According to the researchers, the star must have formed in a cloud farther from Sagittarius A* and then been attracted by it. This suggests a model of star formation near an environment where conditions seem impossible.
The extremely powerful gravity of a supermassive black hole is only the most obvious of the reasons why star formation seems impossible in its proximity. Actually, further interference comes from electromagnetic emissions from that area. The ongoing processes generate X-rays and ultraviolet rays that prevent clouds of gas orbiting a supermassive black hole from clumping together and starting the formation of stars. For this reason, the discovery of the star X3a, using infrared observations conducted with various instruments mounted on ESO’s VLT, the New Technology Telescope (NTT), NIRCAM2 and OSIRIS at the Keck Observatory, and radio waves with the ALMA radio telescope, was surprising.
Actually, young stars close to Sagittarius A* were already discovered in the past and astronomers haven’t found an explanation for their formation. They called it the paradox of youth because old stars can form elsewhere and then approach the supermassive black hole while young stars shouldn’t be in that area.

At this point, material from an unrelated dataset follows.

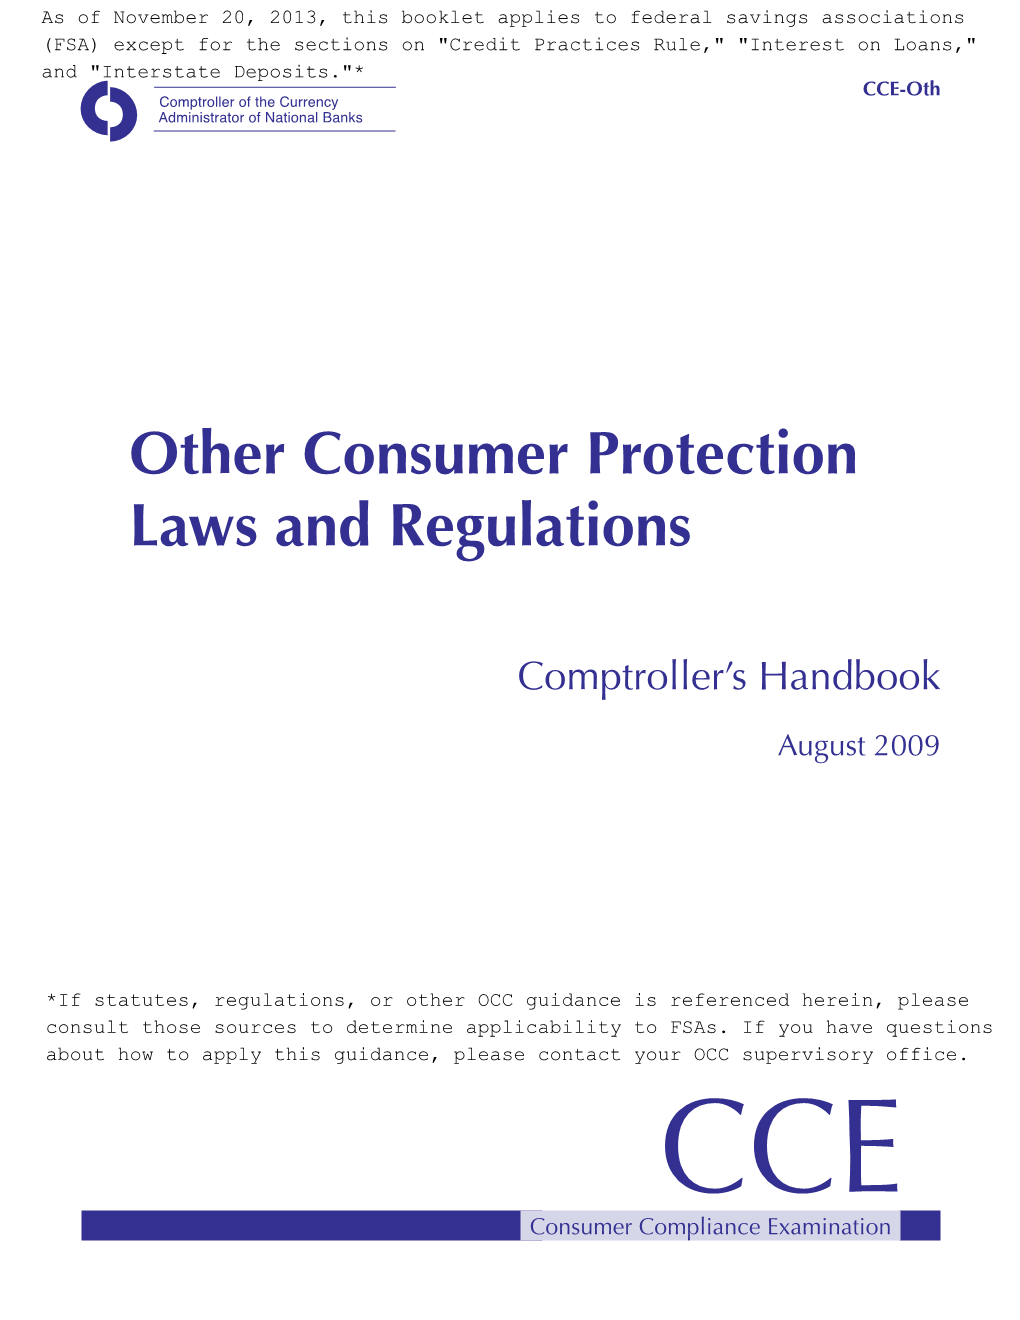 Other Consumer Protection Laws and Regulations

X3a has a mass about ten times the Sun’s and its discovery could lead to the solution to the mystery.
The study by Florian Peißker’s team shows that a few light-years from Sagittarius A* there’s an area where the conditions for star formation exist. A ring of gas and dust around the supermassive black hole is cool enough and protected from the most energetic emissions that would interfere with star formation. Clouds containing enough gas to form many massive stars can form in that area and move towards Sagittarius A* due to collisions between them and scattering, which remove the angular momentum.
According to the researchers, the high mass of the star X3a may also be due to the formation of very hot lumps in its vicinity that were attracted during its formation. However, those lumps could only have been swallowed by an object that was already massive, not cause its birth.

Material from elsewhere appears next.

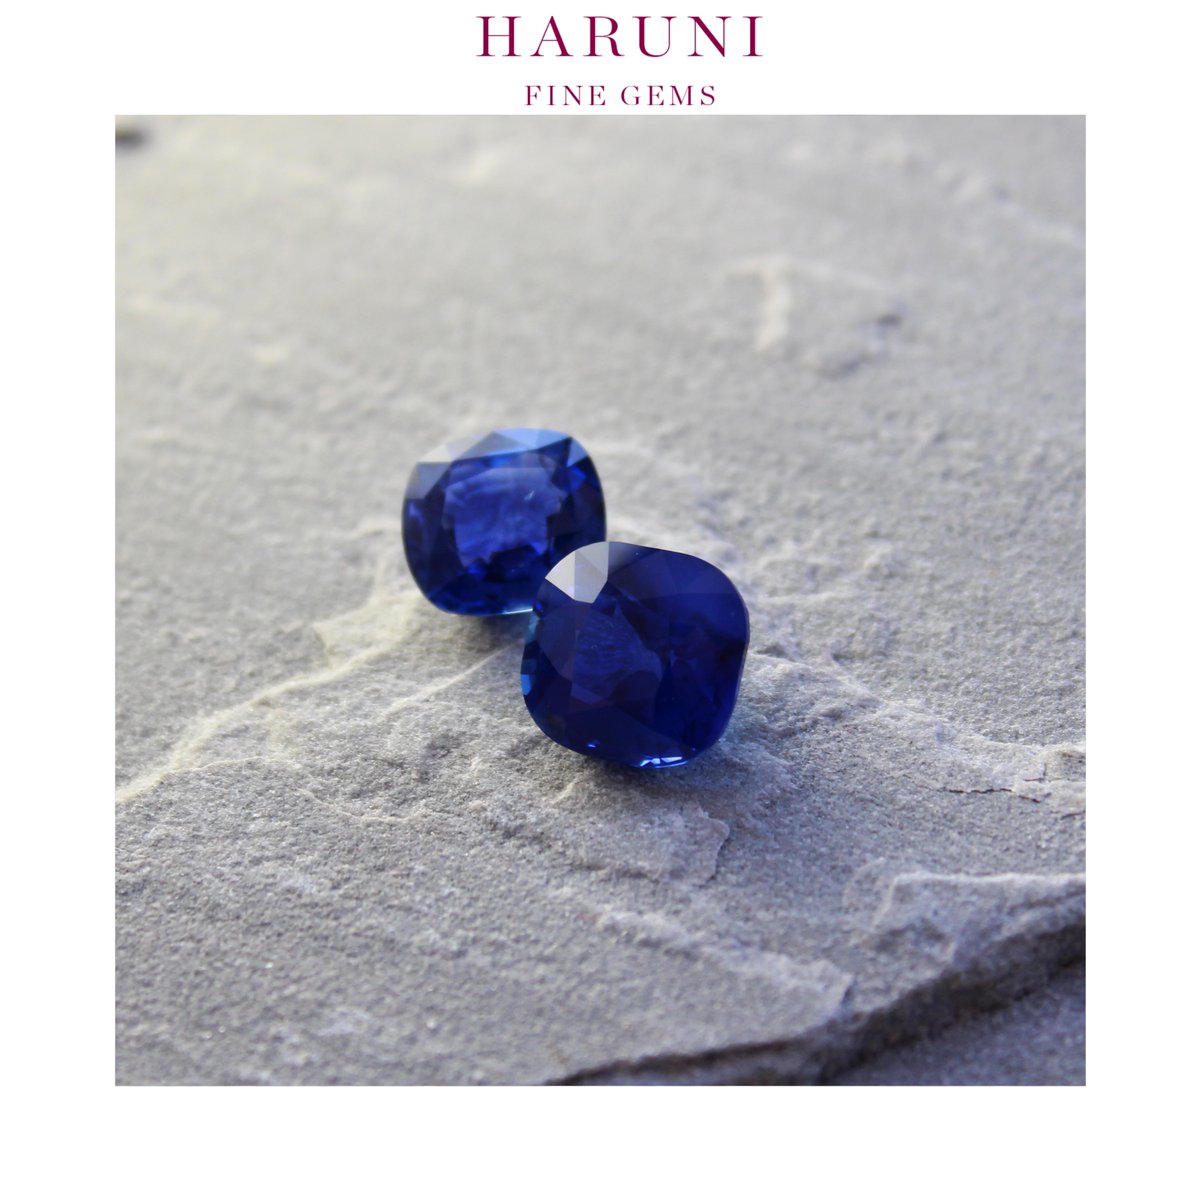 A sapphire or two has never hurt anyone… How would you wear yours? #SapphireJewellery

In the researchers’ scenario, a cloud with a mass about 100 times the Sun’s formed in the ring around Sagittarius A* and then collapsed under its star’s gravity into one or more protostars. The so-called fall time is more or less equal to the age of the star X3a.
This scenario needs to be verified, so new observations are needed, possibly with instruments such as the James Webb Space Telescope and in the future, with the ELT. If the hypothesis offered by the researchers is correct, rings of gas and dust are also present around supermassive black holes at the center of other galaxies. This means that the attempts to find young, massive stars in those areas will have different targets to understand if this star formation model is valid.